Kekacauan setelah kematian Aleksander Agung
Tak lama setelah kematiannya di Babilon, kekacauan merebak. Ia tidak menyebutkan penerus yang jelas dan orang Makedonia berdebat tentang nasib kekaisaran. Saking serunya mereka berselisih, jenazah Aleksander Agung dibiarkan berhari-hari tanpa pengawasan. Meski dibiarkan begitu saja di tengah panasnya udara Babilonia, menurut legenda, jenazahnya tidak mengalami pembusukan.
Perdikas, komandan Makedonia berpangkat tertinggi di Babilon, memerintahkan agar tubuh Aleksander dibalsam. Setelah itu, ia pun ditempatkan di peti mati emas.
Persiapan membawa Aleksander Agung ke tempat peristirahatan terakhirnya
Selama dua tahun berikutnya, jenazah Aleksander tetap berada di Babilon. Kereta pemakaman yang rumit dipersiapkan. Bukan kereta biasa, Perdikas memastikan kereta tersebut dirancang menyerupai kuil megah. Digambarkan duduk di antara para dewa, kereta tersebut memiliki kolom-kolom indah dan berlapis emas.
Kereta ditarik oleh 64 bagal (campuran antara kuda dengan keledai) yang masing-masing memiliki mahkota emas dan lonceng.
Kereta ini digunakan untuk mengantar jenazah Aleksander Agung kembali ke Aegae di Makedonia. Ini adalah tempat peristirahatan kuno Raja Makedonia. Namun ternyata, rencana pemindahan ini merupakan suatu kesalahan besar.
Ambisi Ptolemaios I Soter
Ptolemaios I Soter, gubernur Makedonia di Mesir, memiliki hubungan yang buruk dengan Perdikas. Sadar akan kekayaan dan potensi Mesir yang besar, Ptolemaios berambisi untuk melepaskan diri dari kendali Perdikas yang angkuh. “Menurutnya hal ini bisa dicapai jika ia mengambil alih tubuh Aleksander yang sudah tidak bernyawa,” ungkap Tristan Hughes di laman Battles of the Ancients.

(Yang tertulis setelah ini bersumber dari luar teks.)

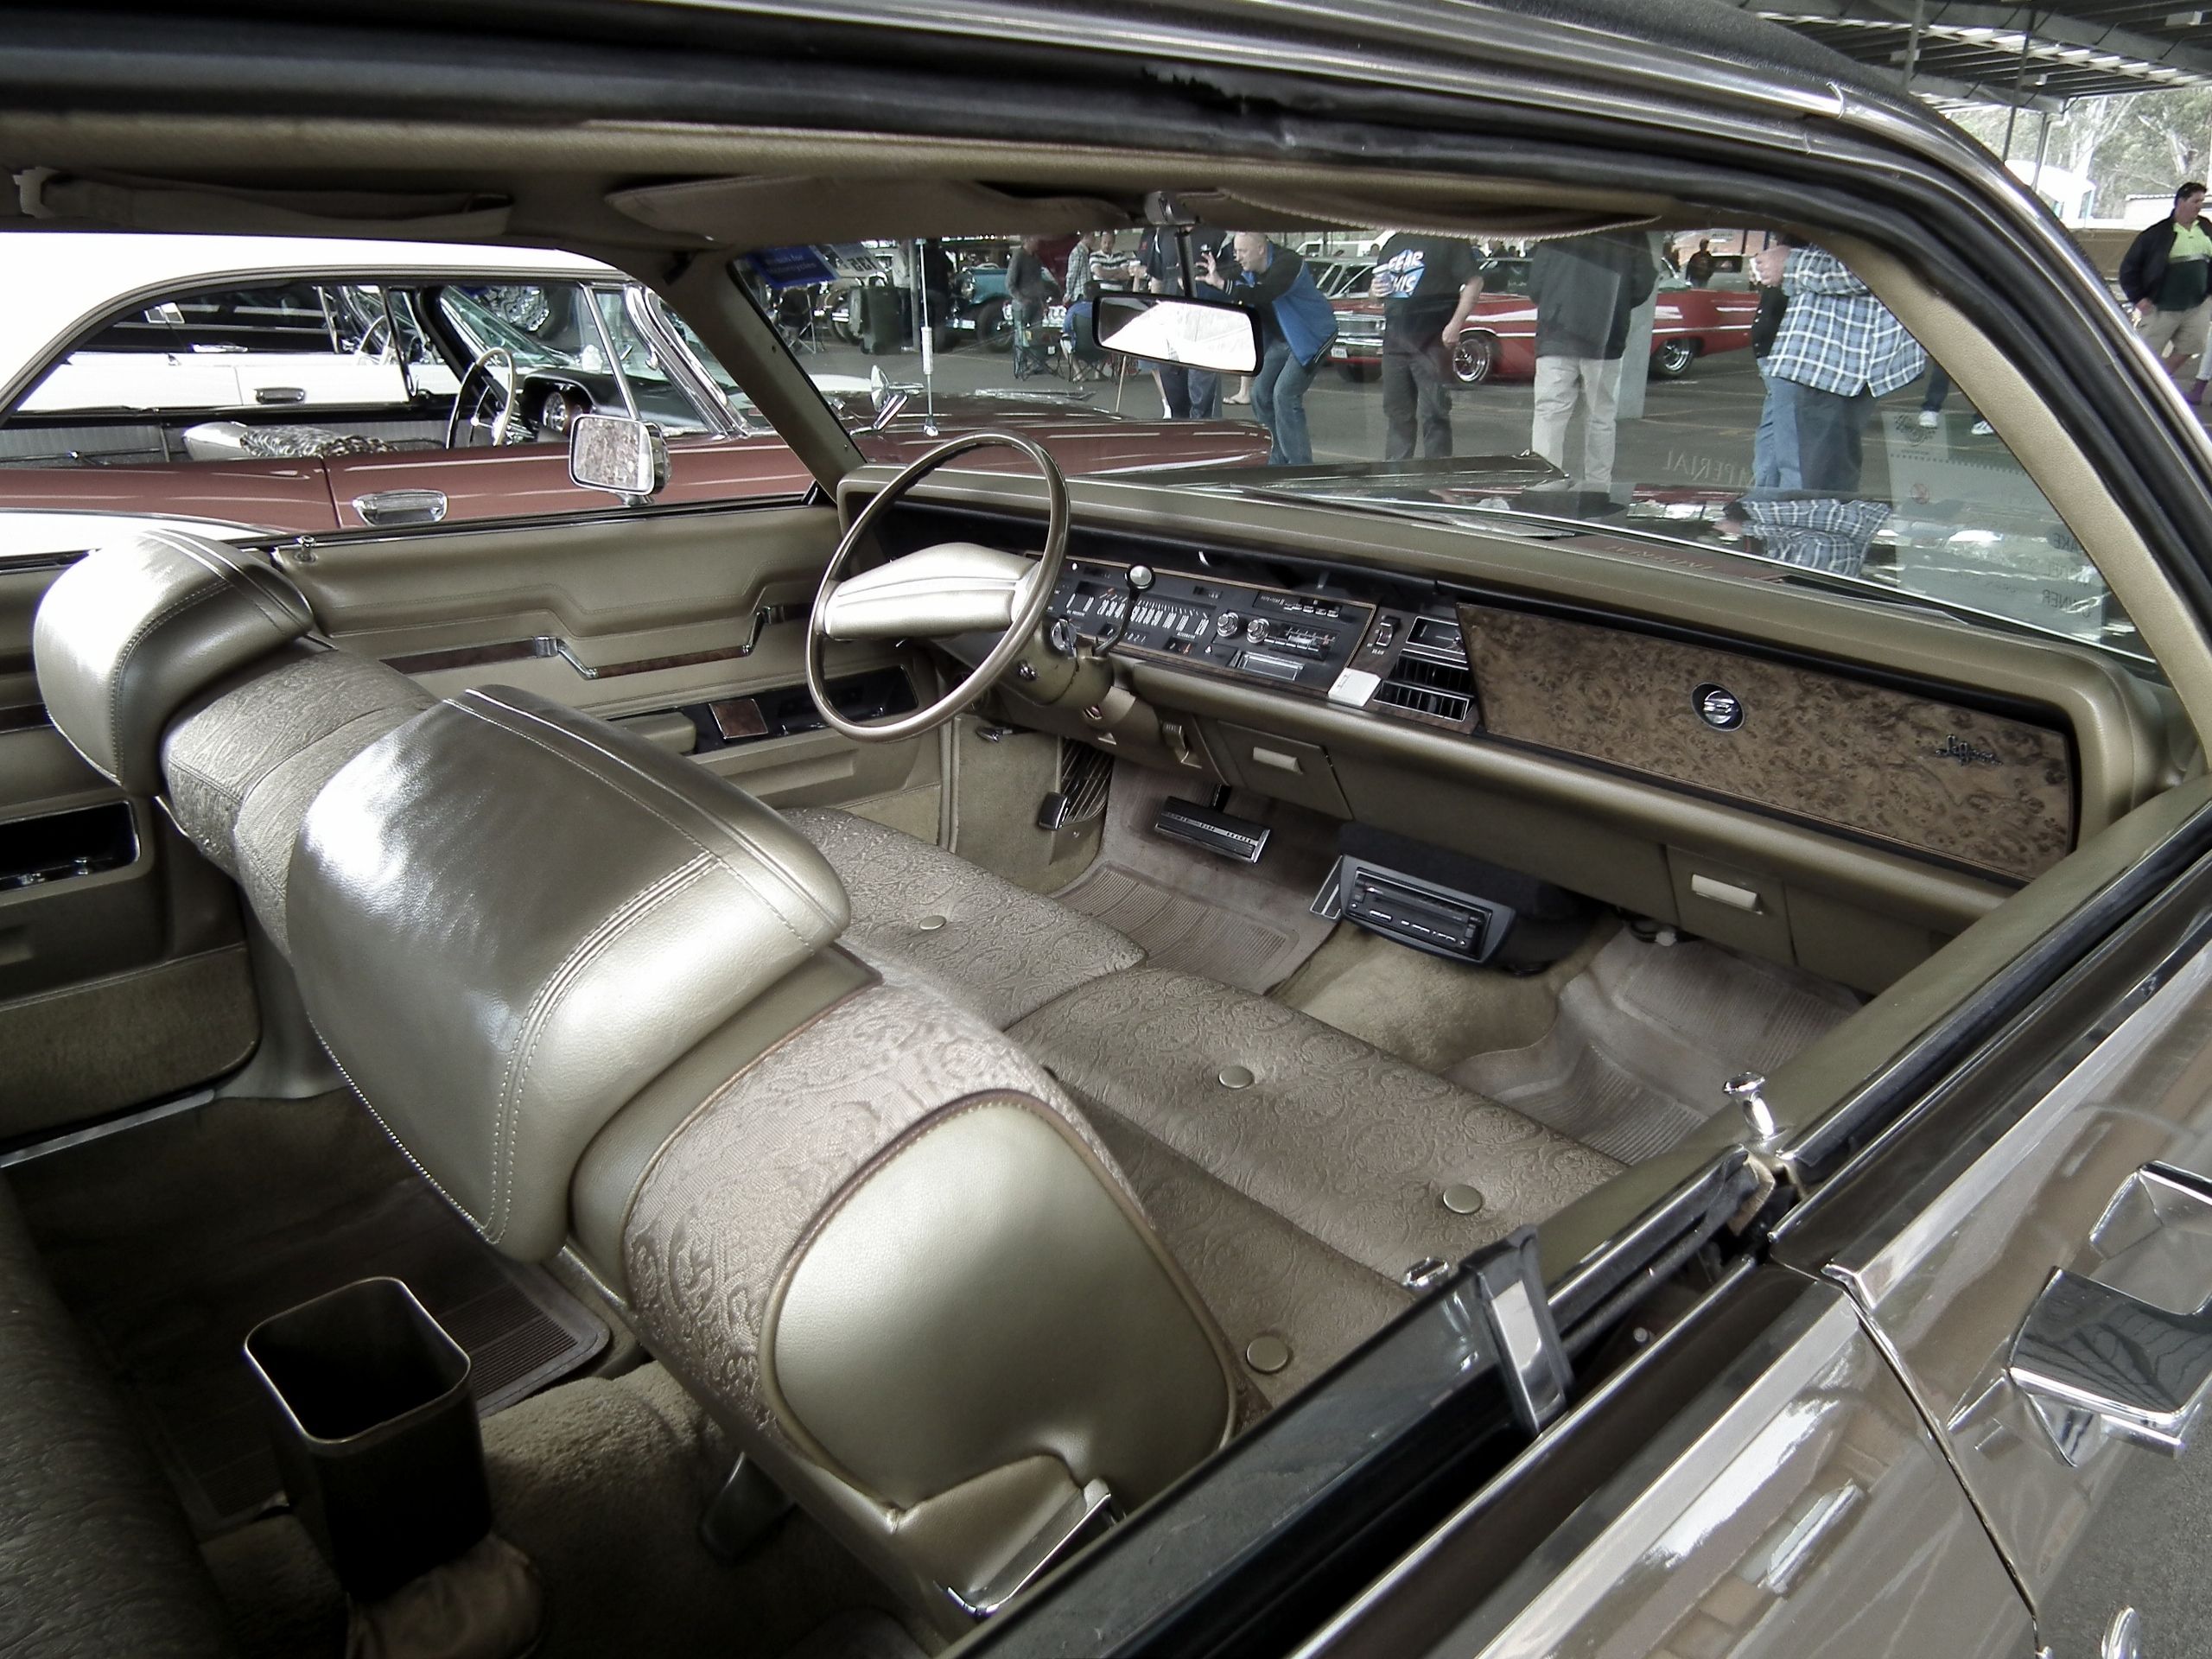 The interior of the 1971 Chrysler LeBaron 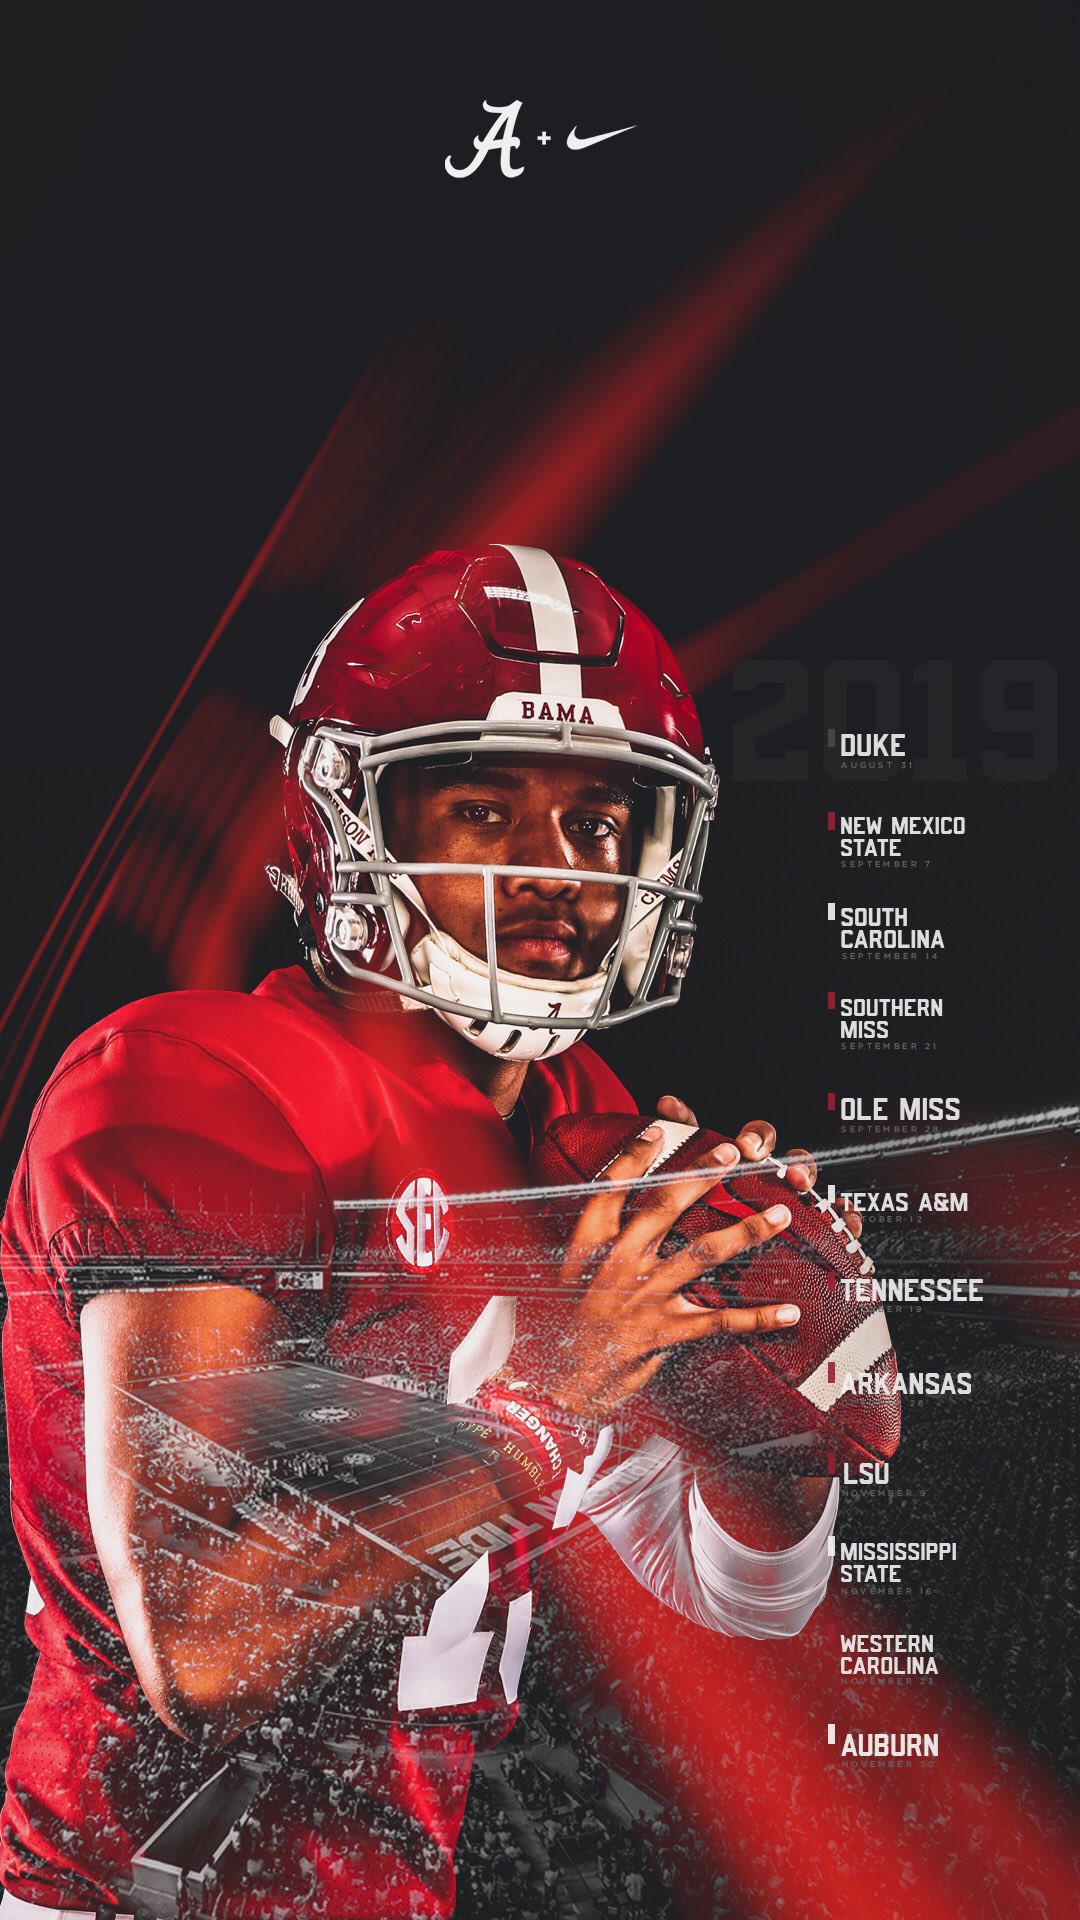 Alabama Football Wallpapers

Bagi Perdikas, Ptolemaios, dan penerus lainnya, tubuh Alexander lebih dari sekadar mayat. Jenazah tersebut merupakan jimat yang mewakili otoritas dan legitimasi di dunia baru pasca-kematian Aleksander Agung. Jadi, siapa pun yang mengendalikan jenazah tersebut, memegang kekuasaan besar di kerajaannya.
Perdikas sangat menyadari hal ini. Maka sejak kematian Alexander, ia menjaga jenazahnya dengan sebaik mungkin. Meski penjagaan ketat, ini tidak membuat menyurutkan niat Ptolemaios. Jika jenazah itu berada di tangannya, ia akan mendapatkan klaim dan hak untuk memerintah. Ini menjadi langkah awal untuk membangun kerajaannya kelak.